Puis en montant, dans l’inconfort d’une pente assez raide et serrée tant il y a de monde et peu de place en un goulot saturé, on rencontre les stands assez basiques de chaussures bas de gamme, de treillis militaires dédouanés, de sous-vêtements ou de solides chaussettes paysannes. On se doit d’arriver frais, sain et sauf devant les planches de la petite marchande de montres à bon marché et les parasols d’un guinéen vendant sans vrai succès des ceintures en cuir plastifié. On est bercé, chaviré presque, gentiment ringardisé par la musique d’accordéon d’un vendeur de disques de bourrée et de pastourelle. Le temps semble alors s’être arrêté aux petits bals perdus de nos vingt piges, et ce n’est pas sans charme, ni regrets. Le temps ici s’arrête un peu. Ses dents sont peut-être plus courtes. Pourquoi toujours courir après la nouveauté ? A t’on besoin de tant de choses pour continuer ? Cette foire contient assez de nostalgie plénière pour faire basculer la matinée dans un passé antérieur satisfaisant.
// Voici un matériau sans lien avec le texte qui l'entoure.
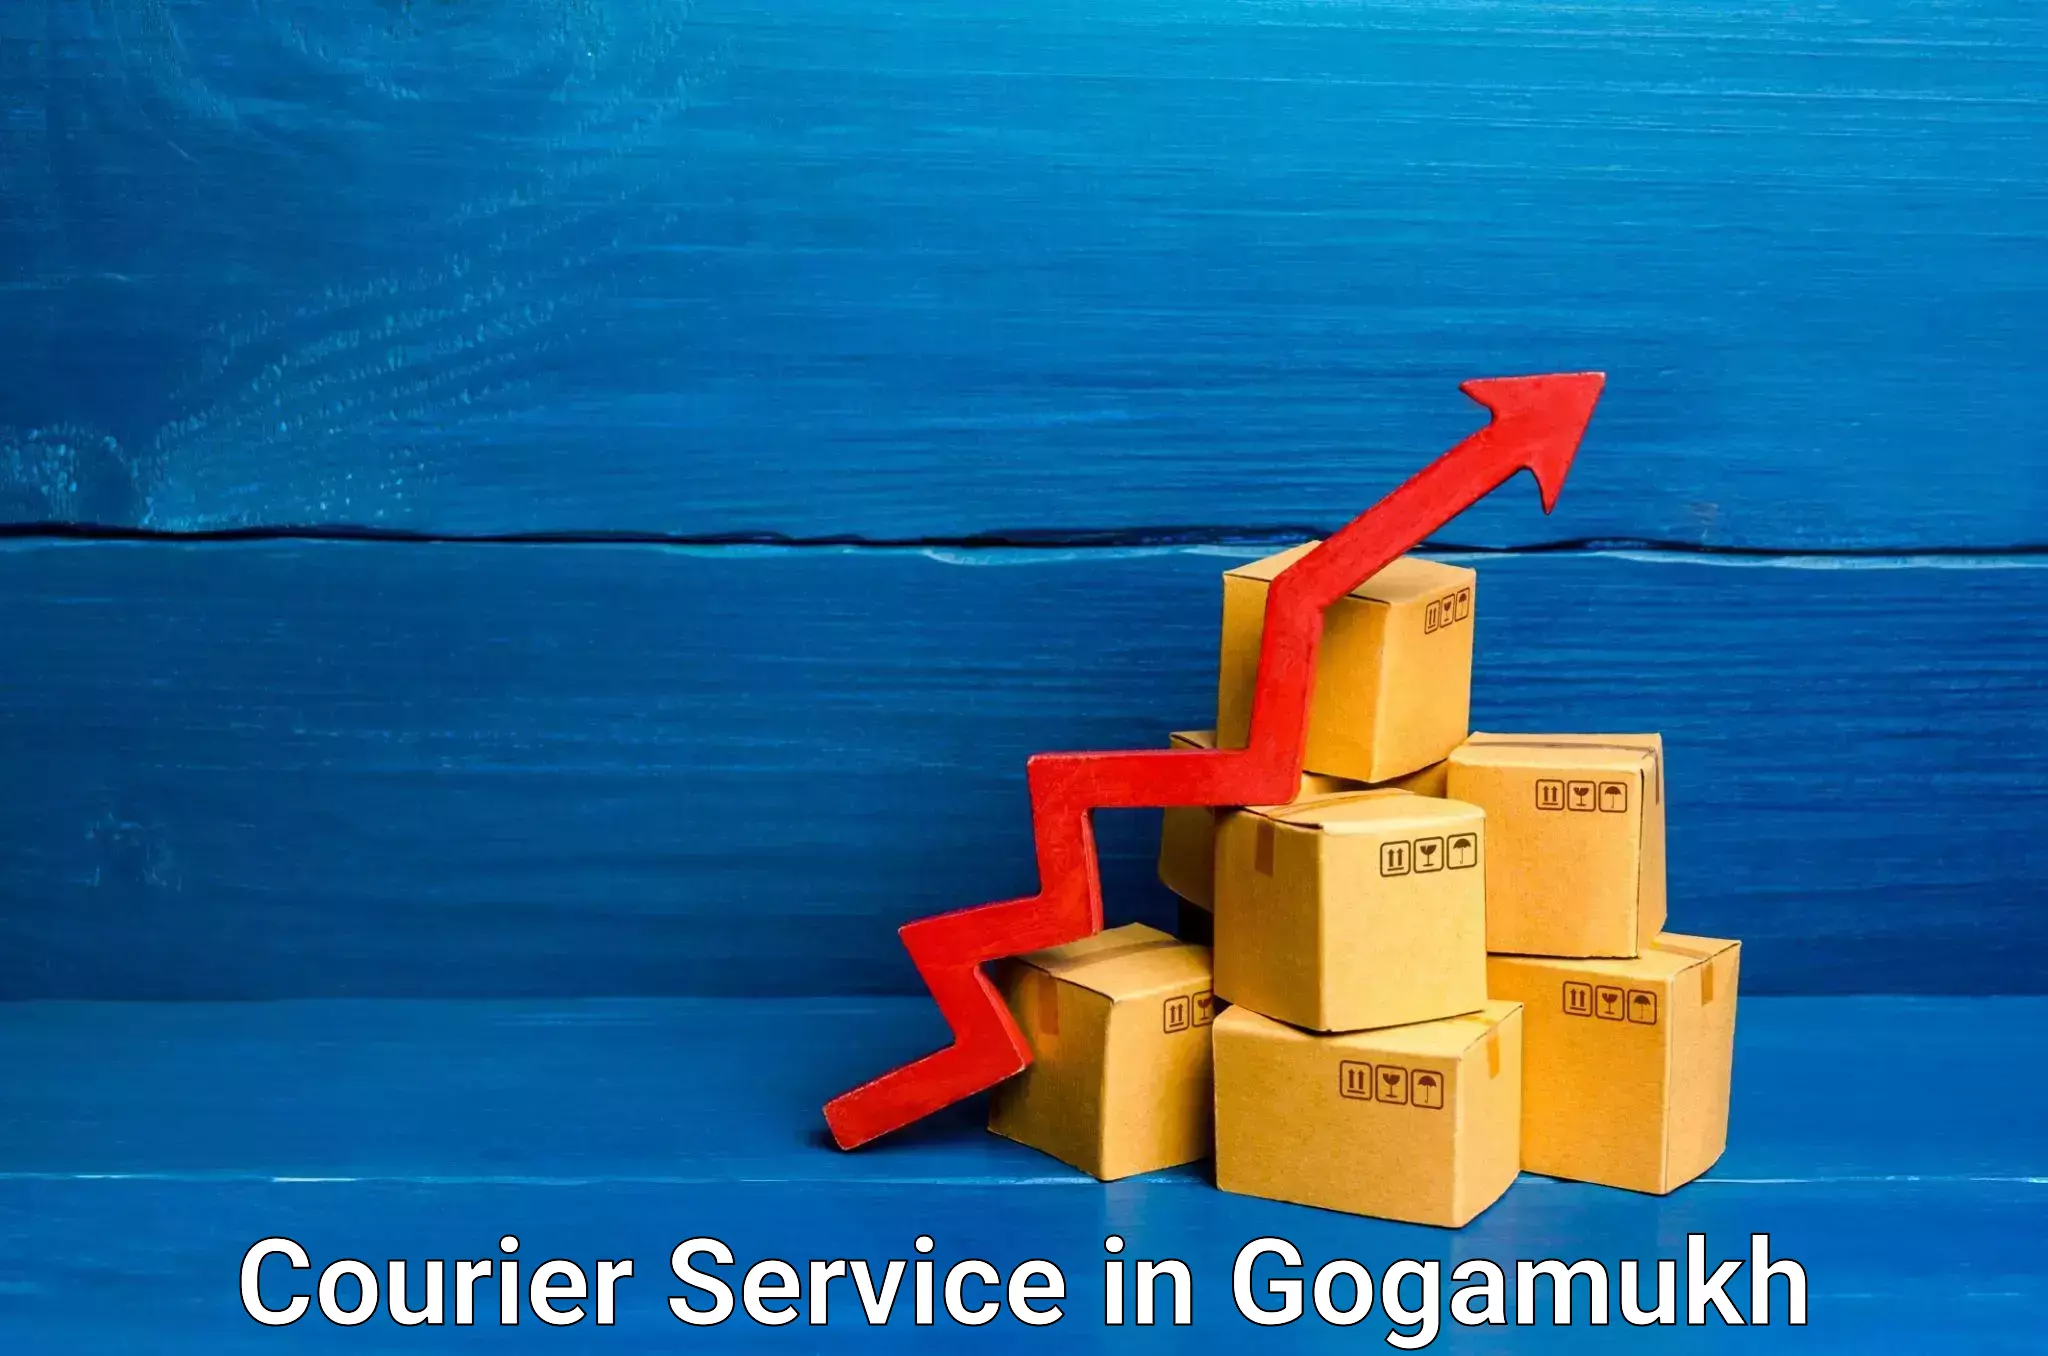 Comprehensive parcel tracking in Gogamukh

C’est précisément au creux d’une telle question prophylactique qu’on tombe d’un coup sur le sieur Rémi. Cet observateur enjoué est toujours sur la brèche dès qu’une activité collective est en place. Ce célibataire connu de tous, parcourt en journaliste et en photographe appliqué tout ce que ses cantons contiennent de rencontres, de célébrations, d’expositions, d’activités de plein air et de cérémonies. Il est le chroniqueur patenté des comices agricoles, une vraie mémoire vivante. Il connaît parfaitement bien les lieux et les gens. Un autre copain nous fait signe. Une buvette de plein vent, où grésillent les andouilles à l’oignon et des saucisses maison, parfume et écourte nos échanges fructueux. Ce sera pour une autre fois. On vient d’acheter de la farine de châtaignes du Piémont et de la polenta. Un camionneur italien, fraîchement arrivé de Modane, a fait le voyage de nuit, à grand renfort de cafés noirs, pour être là, à temps.
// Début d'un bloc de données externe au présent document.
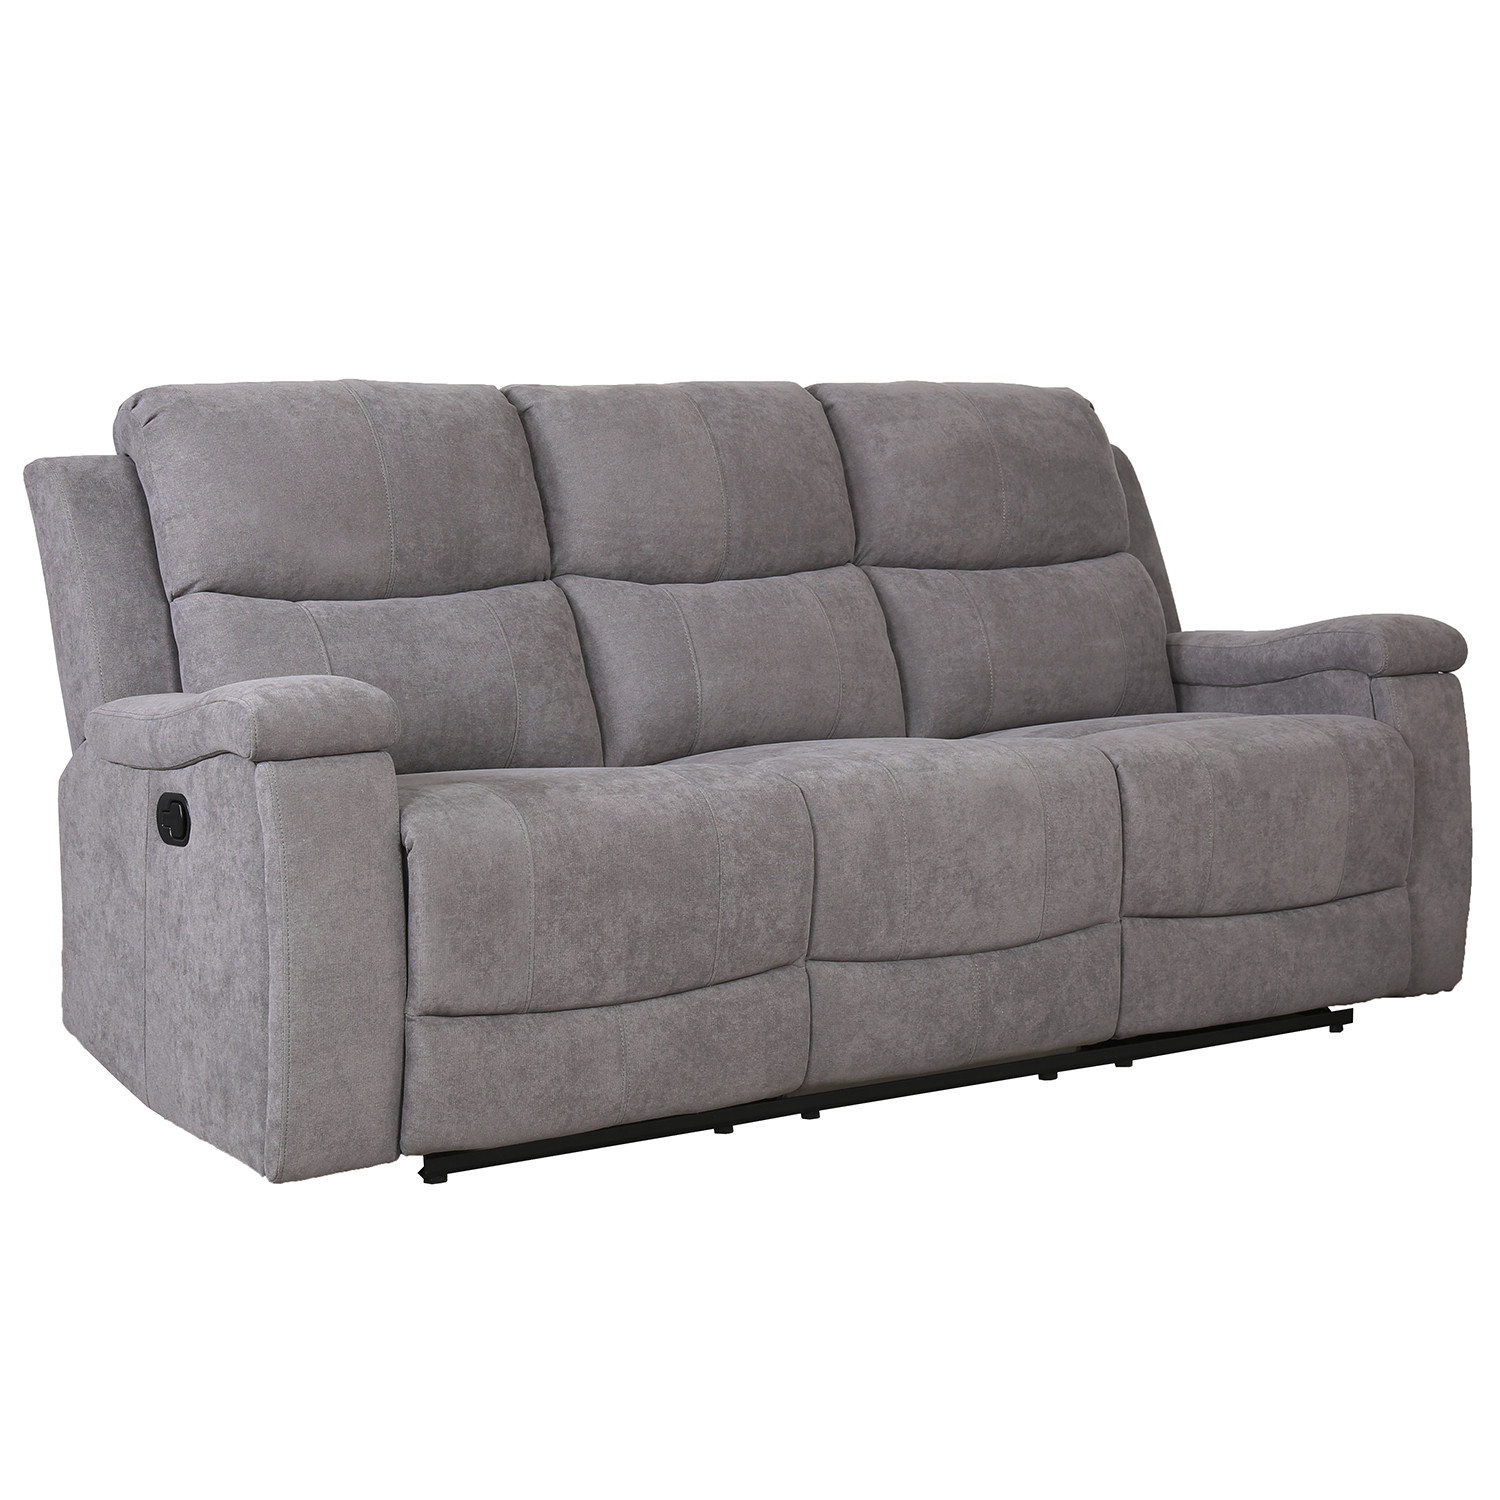 Ledbury 3 Seater Grey Fabric Manual Recliner Sofa Image 2

Les fruits et légumes débordent sur le trottoir. Les bretteurs crient fort pour capturer nos derniers sous vaillants. Une famille venue de Dordogne ce matin nous vend des bottes d’asperges qu’elle produit. Une queue soudaine débute devant un tas de fromages fermiers cédés à moindre prix. Des poulets cuisent à la broche et ouvrent mille appétits. Les premières fraises de Provence ont traversé la France entière. Il y a des monceaux d’oranges, des pommes, des choux, des bananes et des oignons en vrac à ne plus savoir qu’en faire. Un boulanger au visage buriné, digne des photographies prises par Robert Capa dans les Asturies, est pratiquement enfoui sous des sacs de pain. Je lui achète une baguette histoire de lui parler trois minutes. Il me semble sortir lui aussi d’un autre temps. Exemplaire, digne et sérieux. Le monde ici ressemble enfin à quelque chose. Il est celui d’une longue sédentarité. Il a un poids, une cohérence tenace. Il y a des gueules, des trognes, des embellies. Des sourires et des anecdotes fusent. Les voix, les intonations, les rires, une quinte de toux même ont des accents inoubliables. De lourdes africaines mariées avec quelques fidèles du coin traînent des pieds. Leurs maris jardinent avec la lune et achètent des plants de cerfeuil à des retraités sans faconde.

On assiste (et on en fait partie) à un soudain rayonnement des gens d’ici comme déposés en entiers sur le sol, offerts à la vue tels qu’ils sont, à peine mis sur leur trente et un pour prétendre à tenir la pose. Ils sont ce qu’ils sont, ils vivent ainsi au milieu des autres et demeurent à peu prés les mêmes d’une foire à l’autre.